Kvinnheringen
- Type: Local newspaper
- Format: Tabloid
- Owner: Amedia
- Founder(s): Kristian Hus Torfinn Myklebust
- Publisher: Amedia
- Editor: Mona Grønningen (since 2019)
- Staff writers: 8 (as of 2021)
- Founded: January 3, 1973
- Political alignment: Neutral
- Language: Nynorsk
- Headquarters: Husnes, Kvinnherad Municipality
- Circulation: 4 400 (paper) 7 300 (total readers)
- Website: Website

= Kvinnheringen =

Norwegian newspaper

Kvinnheringen is a Norwegian regional newspaper for Kvinnherad Municipality in Vestland county. In print since 1973, it is currently released bi-weekly with more than 7000 readers and a circulation of 4 400 as of January 2021. Since 2003, the paper has been published both on paper and digitally. In 2015, the newspaper was awarded the European Newspaper Award in the category of local newspaper.

==History==
In 1962, SØRAL was established in Husnes, leading to the industrialization and urbanisation of the outer regions of Kvinnherad. Between 1950 and 1970, the population in the municipality would double - from 5 600 to 11 600 - both due to the arrival of workers, but also the merger between former municipalities Kvinnherad, Skånevik and Fjelberg. Despite this, the only newspapers covering the area were larger, regional publications printed in the larger cities Bergen and Haugesund, and in the neighbouring Stord Municipality, and they were frequently criticized for failing to write news stories about the outskirts of their circulation area.
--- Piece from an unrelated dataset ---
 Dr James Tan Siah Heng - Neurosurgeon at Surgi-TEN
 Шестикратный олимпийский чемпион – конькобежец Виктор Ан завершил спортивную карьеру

This eventually led to writer Kristian Hus and teacher Torfinn Myklebust, the latter being the son of a former newspaper editor, forming the local paper in late 1972, with the inaugural newspaper released on 3 January 1973. In the first year of publishing, the circulation was less than 1000, and the newspaper didn't even have an office, instead being run from a spare room in editor Torfinn Myklebusts own home. Initially, the newspaper was released weekly, which increased to twice a week in 1974 and three times a week in 1980; on Mondays, Wednesdays and Fridays. In 1998, the newspaper became a joint stock company and moved into new offices, where they still remain as of 2021. In 2003, the newspaper became one of the first regional papers in Norway to release each issue digitally in addition to the paper copy, using a copy-protected PDF format.

In 2013, the newspaper launched its own reader app, which in addition to the digital copy of the newspaper and archive of previous releases also featured a text-to-speech assistant. In 2015, the newspaper was the recipient of the 17th European Newspaper Award in the category of local newspaper. In 2019, Tomas Bruvik stepped down as editor after fourteen years. He was succeeded by journalist Mona Grønningen. In 2020, partially due to the effects of the COVID-19 pandemic, the newspaper shifted from three to two papers per week, stating that it would make way for more quality content and less "filler".

===Archive===
Unlike many regional newspapers in Norway, Kvinnheringen has a near-complete, searchable archive of all their previous issues dating back to 3 January 1973. Since 2018, the complete archive has been accessible online to all subscribers.